Автобиография - Жанна Гийон
Шрифт:
Интервал:
Закладка:
Глава 17
ДНА БЕДНАЯ ДЕВУШКА, наделенная редкой простотой и зарабатывающая на жизнь своим трудом, духовное состояние которой Господь обильно благословил, пришла ко мне опечаленная и сказала: «О матушка, какие странные вещи я видела!» Я спросила, что же именно она видела? «Увы, — сказала она, — я видела вас, как ягненка посреди огромной стаи взбешенных волков. Также я видела огромное множество людей всех рангов и во всевозможных одеяниях, разного возраста, пола и сословий, священников, монахов, женатых мужчин, служанок и жен, вооруженных копьями, алебардами и мечами, готовых убить вас в ту же минуту. Вы не затрагивали их, пребывая без движения, ничему не удивляясь и не пытаясь как–то себя защитить. Я смотрела по сторонам, не придет ли кто–нибудь к Вам на помощь, дабы Вас защитить, но не видела никого».

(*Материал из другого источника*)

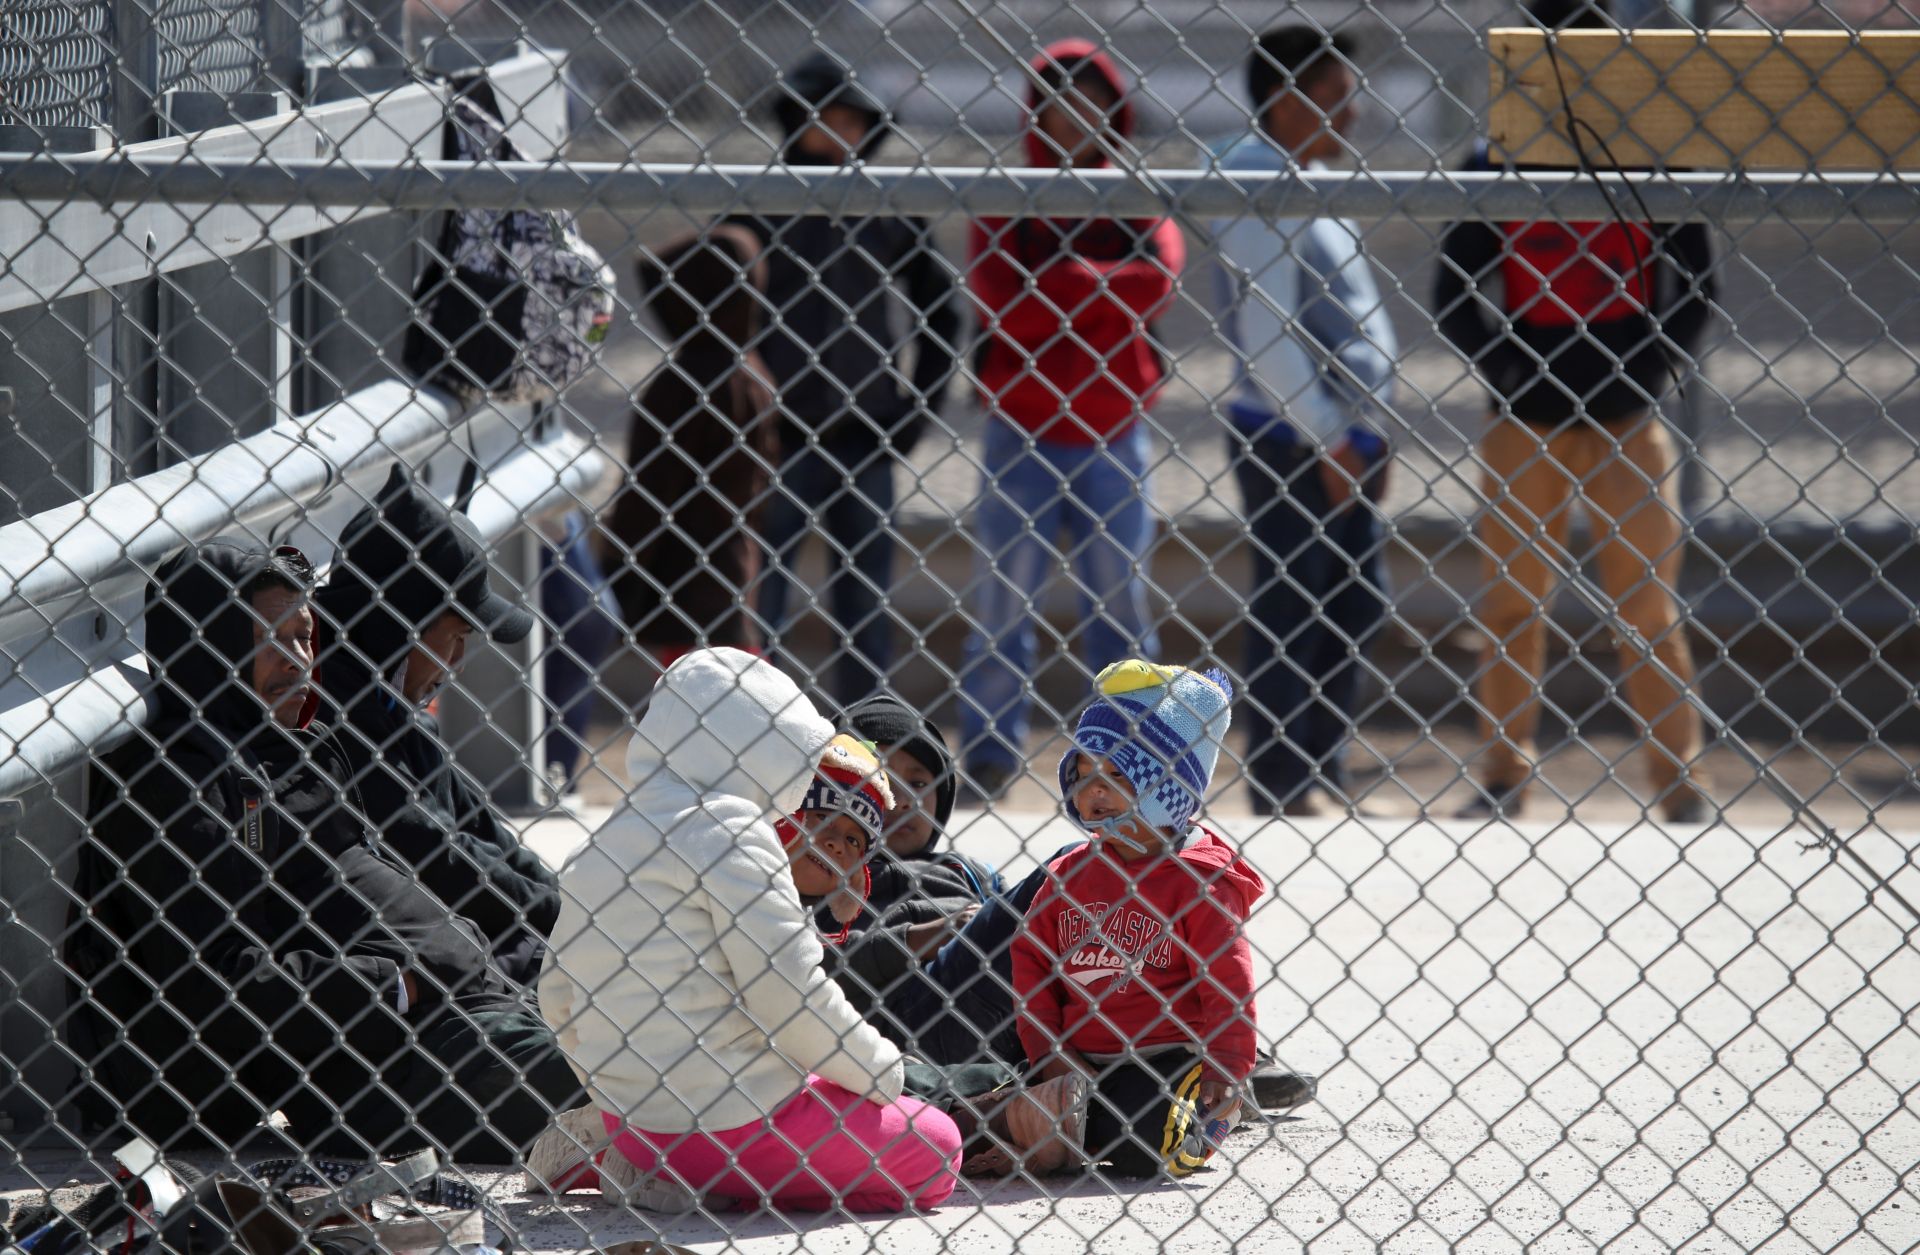 Migrants wait in a detention area on March 31, 2019, in El Paso, Texas.

Через некоторое время после этого, люди, которые из зависти наносили мне личные оскорбления, усилили свою деятельность. Повсюду распространялась клевета. Завистливые люди, даже не знающие меня, писали на меня доносы. Они называли меня ведьмой, говоря, что я привлекаю людей с помощью магический силы, так как все во мне дьявольское. Они говорили, что я занимаюсь благотворительностью, используя махинации и жертвуя фальшивые деньги. Я вынуждена была терпеть от них и другие грубые обвинения, в равной степени лживые, беспочвенные и абсурдные. По мере того как буря с каждым днем все усиливалась, некоторые мои друзья советовали мне удалиться. Прежде чем я буду рассказывать о моем отъезде из Гренобля, я должна поведать еще кое–что о моем состоянии в то время. Мне казалось, что Господь побуждал меня делать для многих душ, было в единстве с волей Иисуса Христа. В этом божественном единении мои слова оказывали чудесное воздействие, как и формирование образа Иисуса Христа в душах этих людей. Я никоим образом не была способна говорить что–либо от себя самой. Тот, Кто направлял меня, побуждал меня говорить то, что Ему было угодно и сколь долго Ему было угодно. Некоторым мне не было позволено промолвить даже слова, а по отношению к другим благодать как будто текла потоком. Однако эта чистая любовь не допускала никакого излишества или возможности праздного развлечения. Когда мне задавали вопросы, отвечать на которые было бесполезно, то ответ мне и не был дан. То же самое происходило но отношению к людям, которых Господь желал провести через опыт смерти своего я, и которые приходили ко мне в поисках человеческого утешения. Для них у меня было лишь самое необходимое, и далее я не имела права продолжать. Я бы могла говорить об обычных вещах в допустимой Богом свободе, для того чтобы угождать каждому и не прослыть необщительной или невежливой. Но это было Его собственное слово, единственным даятелем которого являлся Он сам. О, если бы проповедники были должным образом внимательны, говоря только то, что исходит от духа, какие плоды они бы производили в жизни своих слушателей! Со своими истинными детьми я лучше всего могла общаться в тишине на духовном языке божественного Слова.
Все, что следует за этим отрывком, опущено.